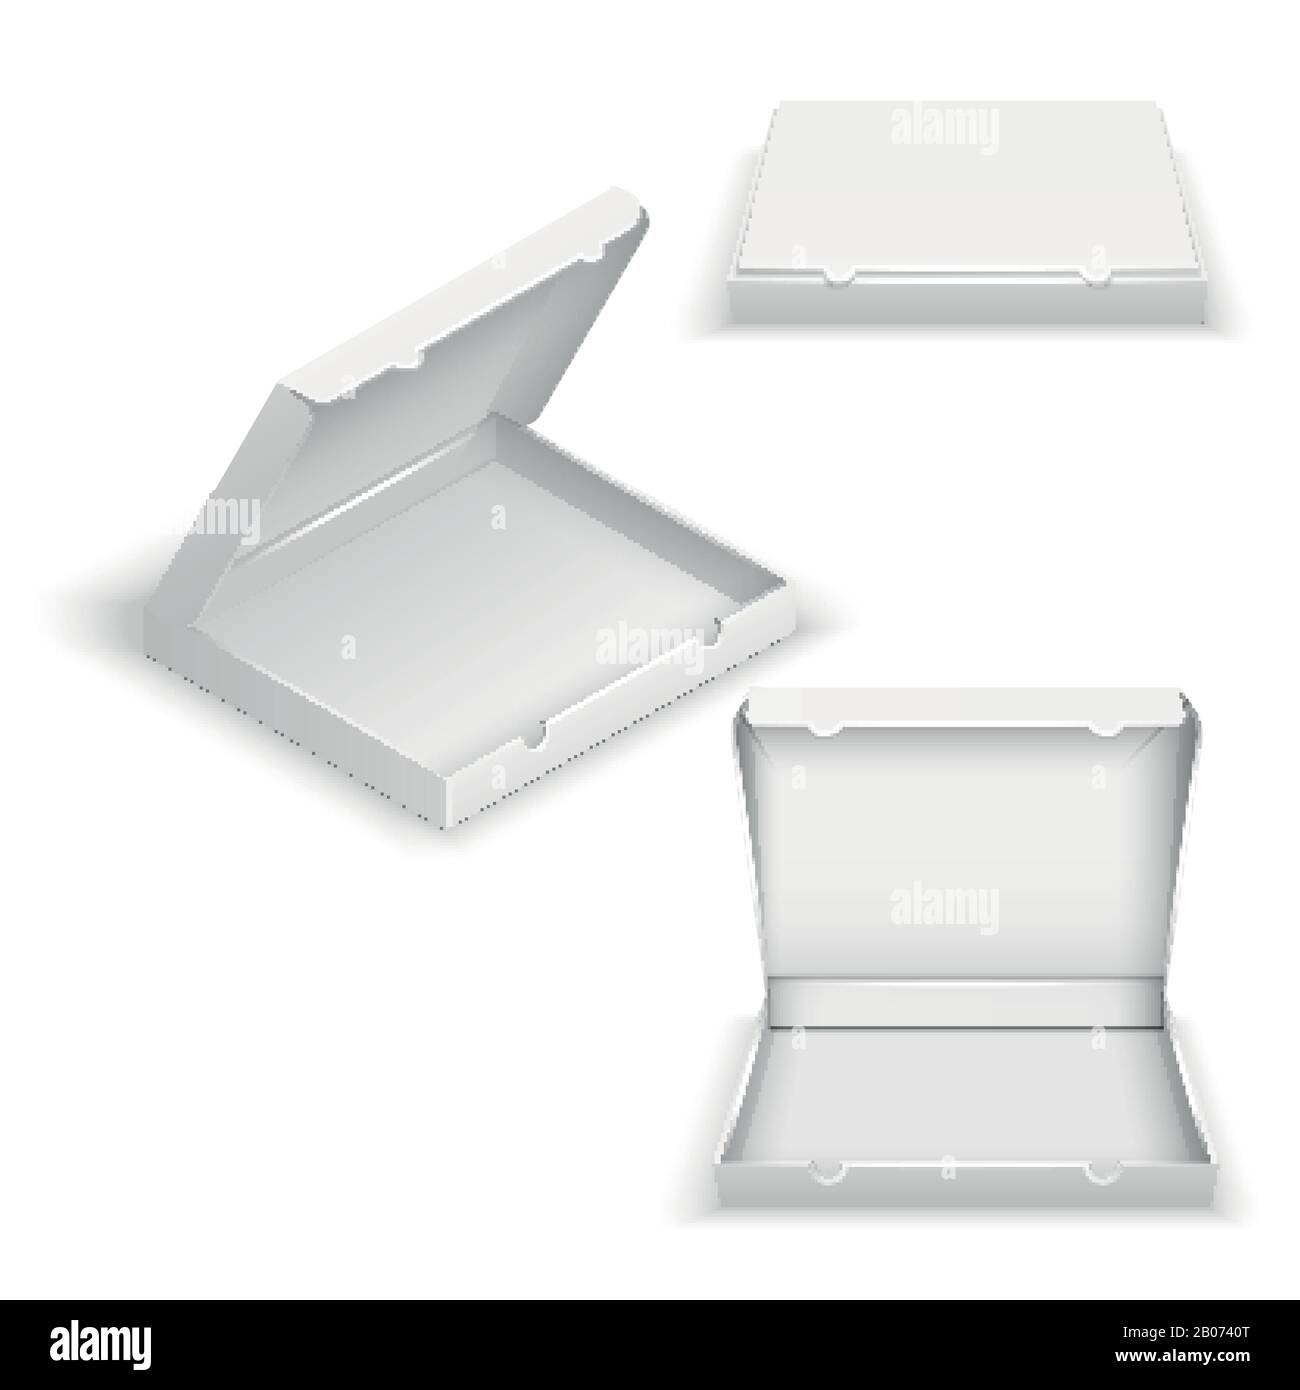 Boîtes à pizza vides réalistes isolées sur illustration vectorielle blanche. Conteneur vide de poche pour ranger les aliments Illustration de Vecteur
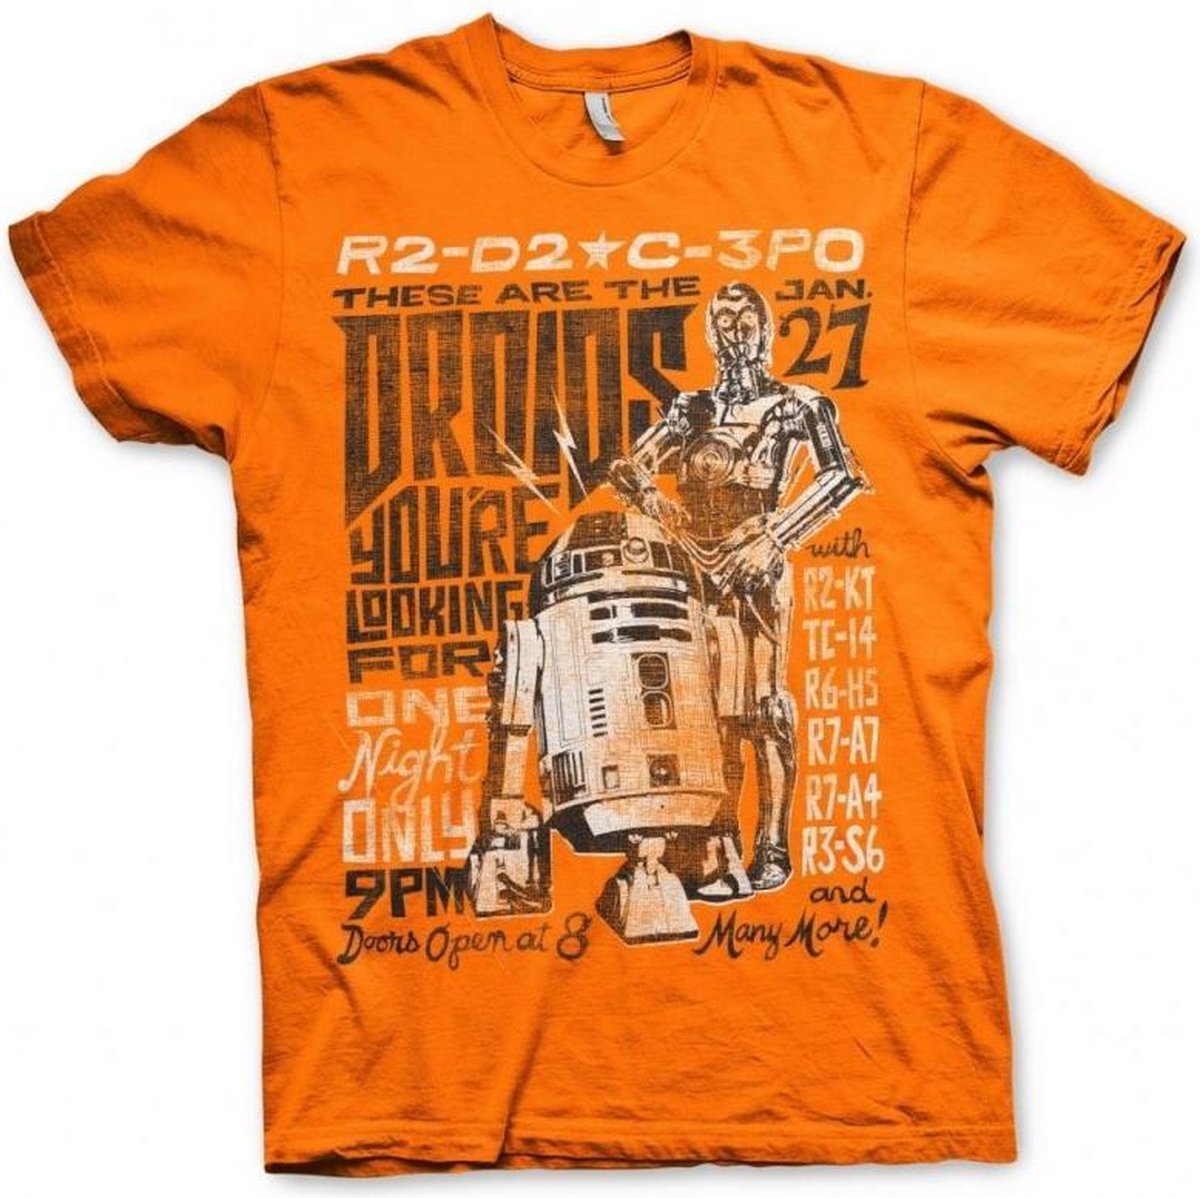 STAR WARS 7 - T-Shirt Droids Night - Orange (L)
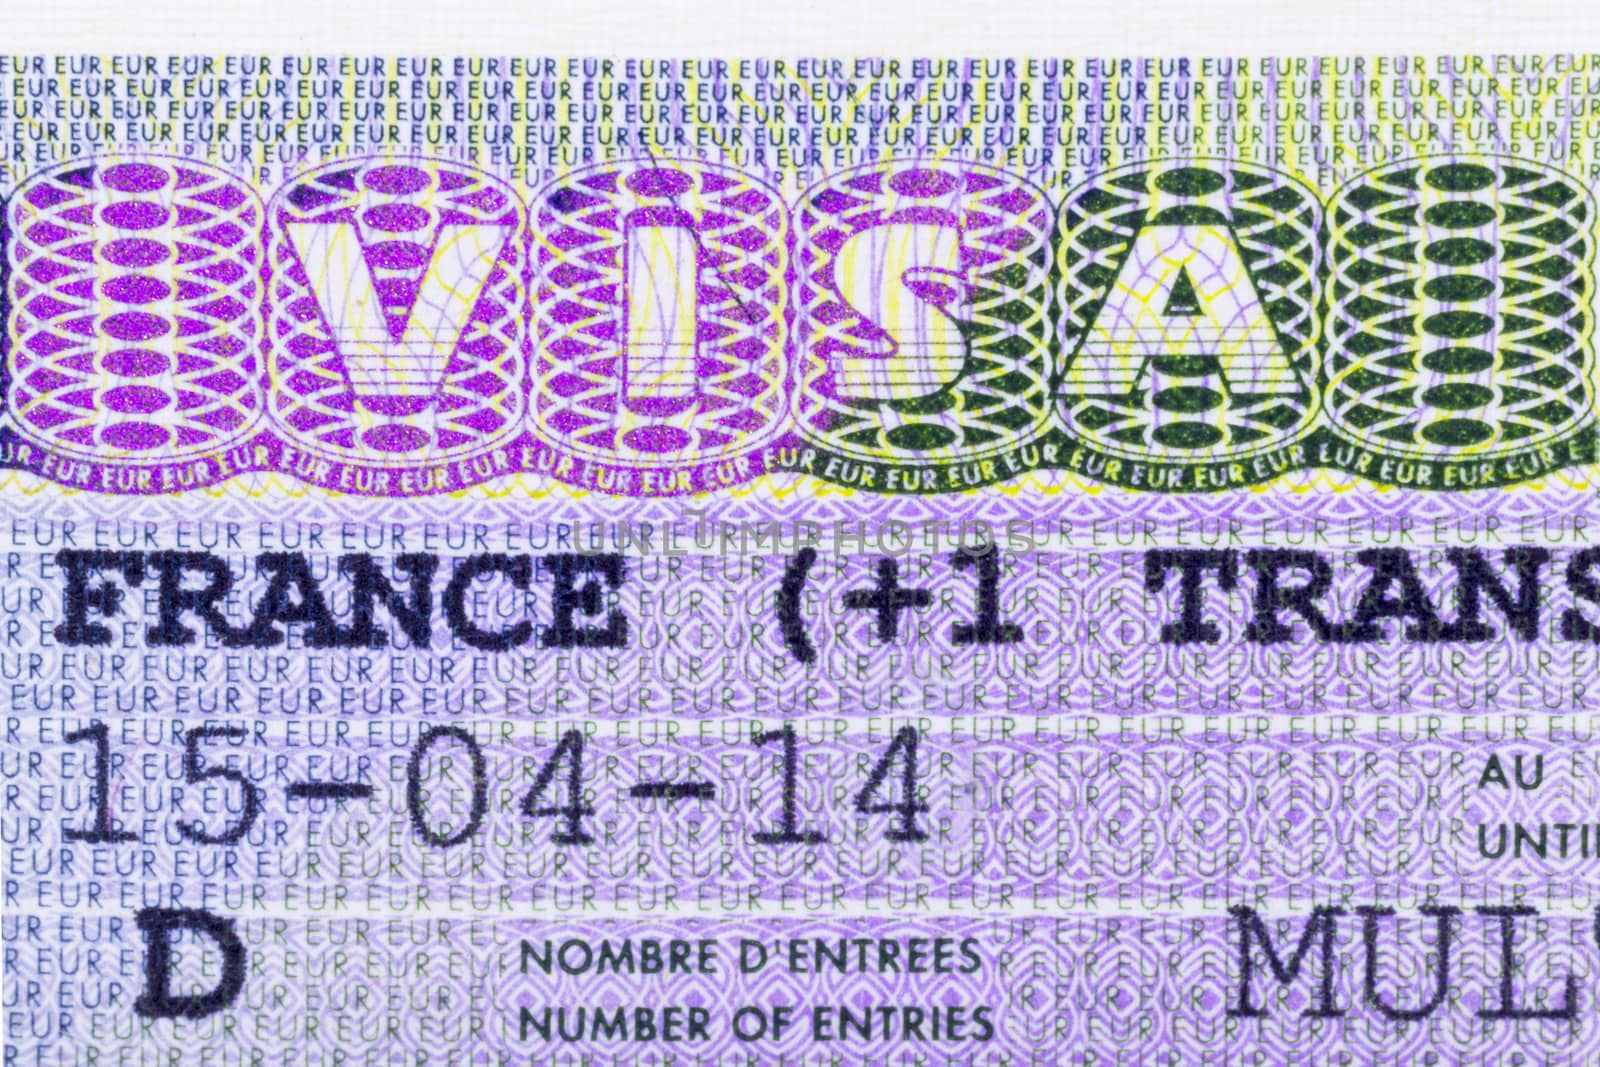 Close up of a Schengen visa allowing the passport holder to travel inside the Schengen treaty territory

■ Exercise description
Begin at the line containing "STAR WARS 7" and copy every line through the end of the data above exactly, omitting the pictures.

■ Exercise answer
 STAR WARS 7 - T-Shirt Droids Night - Orange (L)
 Close up of a Schengen visa allowing the passport holder to travel inside the Schengen treaty territory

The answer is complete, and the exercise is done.